If we look round the coast of Spain, so good a port will not be found; while its soil only produces thorns, ilexes, and broom, or at best arbutus and myrtles, and other poor fruits; and he who grows them for profit has nothing for his pains. April and May failing, the fruits fail.[5]
[1] He means betel. See p. 51.
[2] Thistles; teazel.
[3] The space between the end of the thumb and the end of the forefinger, both stretched out.
[4] Coral cliffs.
[5] Captain Cook visited the Island of Espiritu Santo in August, 1774, and on the 25th entered the bay of San Felipe y Santiago, discovered by Quiros. The wind being S., Cook was obliged to beat to windward. Next morning he was 7 or 8 miles from the head of the bay, which is terminated by a low beach, and behind that an extensive flat covered with trees, and bounded on each side by a ridge of mountains. The latitude was 15° 5′ S. Steering to within 2 miles of the head of the bay, he sent Mr. Cooper and Mr. Gilbert to sound and reconnoitre the coast. Mr. Cooper reported that he had landed on the beach near a fine river. They found 3 fathoms close to the beach, and 55 two cables’ lengths off. At the ship there was no bottom with 170 fathoms. When the boat returned, Captain Cook steered down the bay; and during the night there were many fires on the W. side. In the morning of the 27th the ship was off the N.W. point of the bay, in latitude 14° 39′ 30″. The bay has 20 leagues of sea-coast—6 on the E. side, 2 at the head, and 12 on the W. side.
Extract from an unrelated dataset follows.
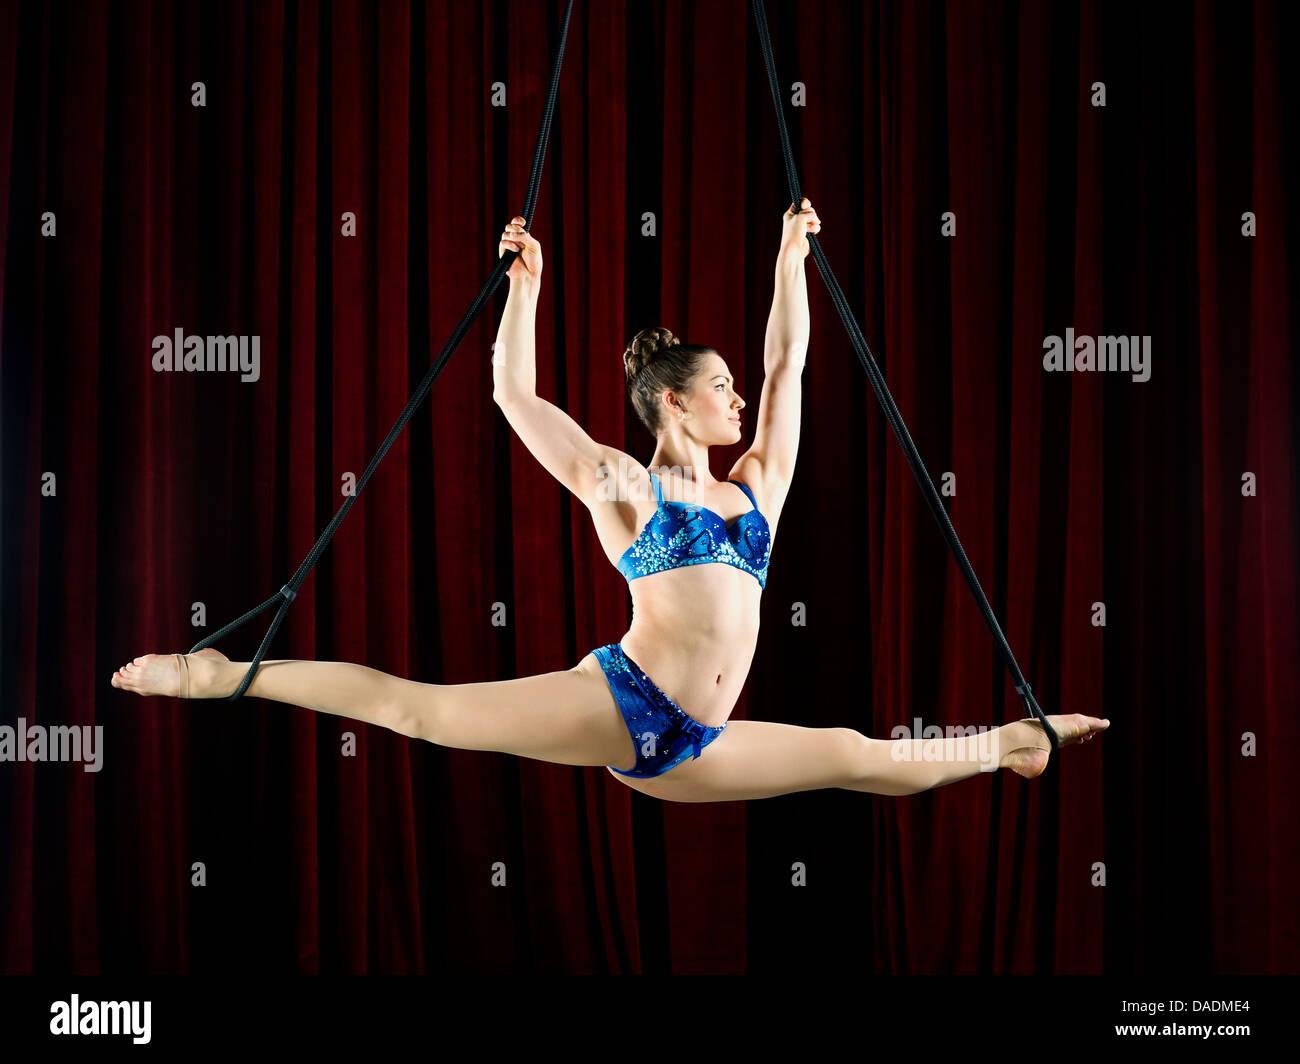 Studio shot of female aerialist performing splits on ropes - Stock Image

The two points which form the entrance bear S. 53° E., and N. 53° W., from each other distant 10 leagues. An uncommonly luxuriant vegetation was everywhere to be seen. Captain Cook named the E. point of the bay “Cape Quiros,” which is in 14° 56′ S., and longitude 167° 13′ E. He named the N.W. point “Cape Cumberland.” It is in 14° 38′ 45″ S., and 166° 49′ 30″ E.—Cook’s Second Voyage, vol. ii, p. 89.
The Editor has to thank Dr. Bolton G. Corney for the following very interesting account of his visit to the bay of San Felipe y Santiago in 1876:—
“While on a voyage through the New Hebrides in the barque Prospector, of 260 tons, in August, 1876, I visited the bay of San Felipe y Santiago, now commonly known to shipmasters and other habitués of the Western Pacific as the ‘Big Bay.’
“The island itself is, for short, spoken of as ‘Santo,’ not only by local white men, but also by many of the natives of it and the neighbouring ones, many of whom have been in Fiji or Queensland, and have picked up a little Fijian or English, as the case may be.